Kurz hielt er inne, dann jedoch sah er mich wieder wütend an. Er hatte anscheinend keine große Lust, zuzuhören.
„Was weißt du schon davon? Jetzt lass mich los!", fuhr er mich an und befreite sich aus meinem Griff.
Wir standen uns gegenüber und er schüttelte den Kopf.

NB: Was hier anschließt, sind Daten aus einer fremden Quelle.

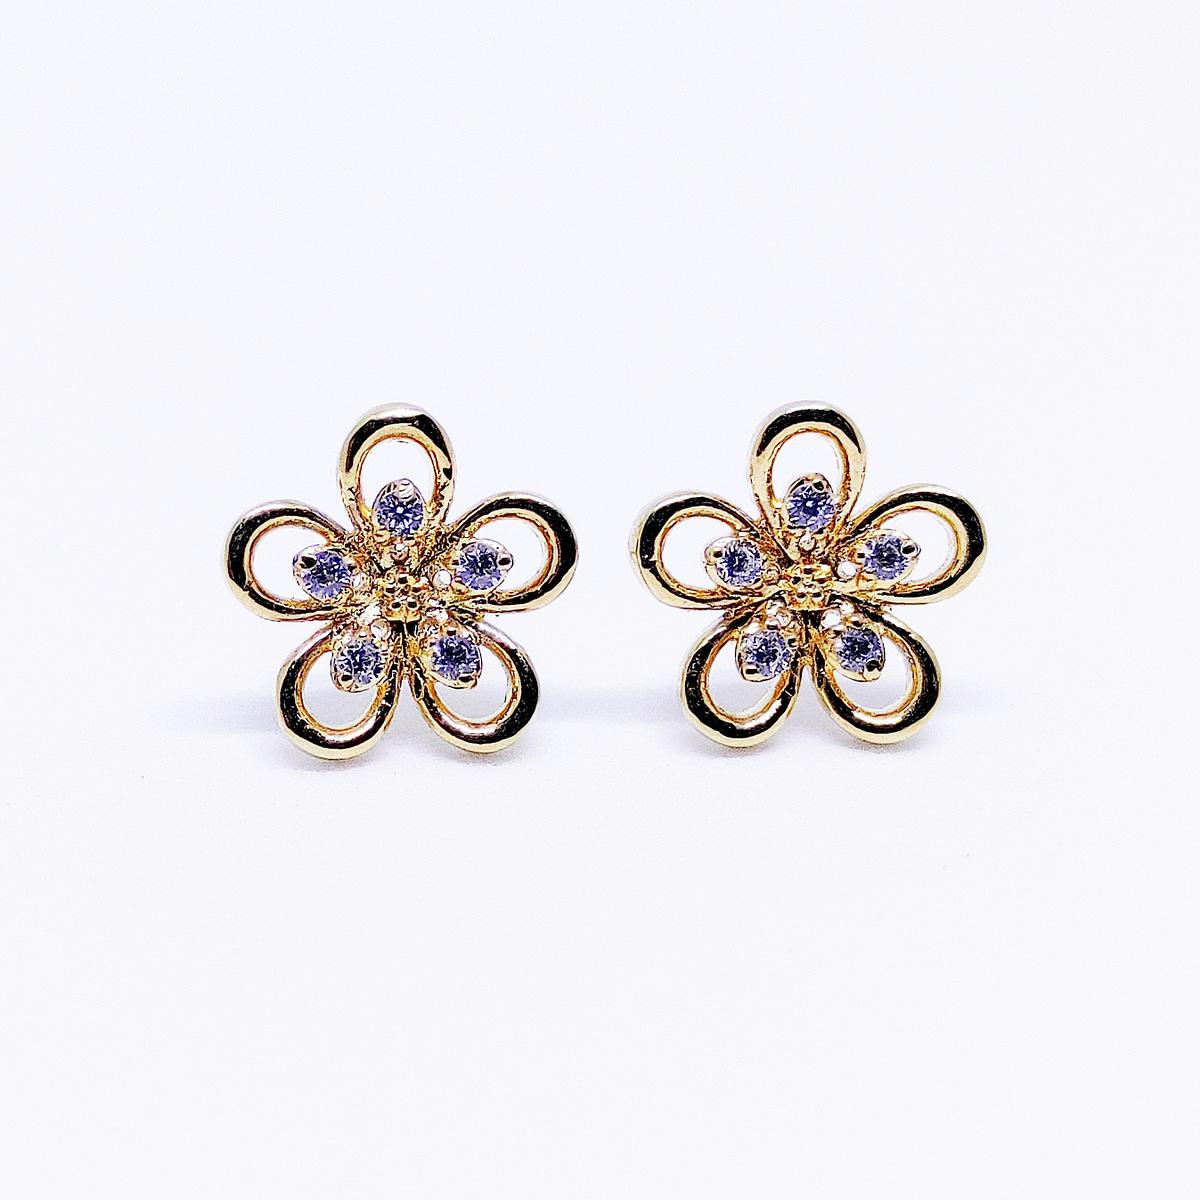 BLOSSOM - Flower Shaped Earrings - Yellow

„Thyra ist tot! So wie wir es später alle sein werden! Barnabas macht keine Ausnahme! Er ist gnadenlos! So wie seine Klinge! Es macht keinen Sinn mehr!", er jammerte fast wie ein kleines Kind.
Ich betrachtete ihn. Er war völlig in seiner Angst gefangen. Kein Wunder also, dass er nichts wirklich wahrnehmen wollte, was ich ihm sagte. Das war nicht gut. In dieser Panik war ihm alles zuzutrauen. Es musste etwas getan werden, und zwar schnell. Ich dachte fieberhaft nach und kam dabei leider nur zu einem einzigen Schluss.
Es reichte langsam. Anders würde der niemals zuhören. Auch wenn ich damit meinem inneren Ich nachgab, so konnte es nur das sein, was den Phönix-Krieger im Augenblick wecken konnte.
Ich ballte meine Hand zur Faust und schlug ihm mit voller Wucht ins Gesicht. Er stolperte zurück und krachte dabei zu Boden. Fassungslos sah er zu mir hoch und hielt sich dabei die verwundete Wange.
„Wach endlich auf, Joshua, und komm wieder zu klarem Verstand! Thyra würde nicht wollen, dass du dich so hängen lässt und dein Bruder ganz sicher auch nicht!", brüllte ich ihn an.
Dann holte ich mehrmals tief Luft, um mein rasendes Herz zu beruhigen und der Dunkelheit in mir keine Chance zu geben.
„Du kämpfst hier nicht allein. Bitte denke daran", versuchte ich ihm dann etwas ruhiger klarzumachen und hoffte, dass er sich damit endlich fangen würde.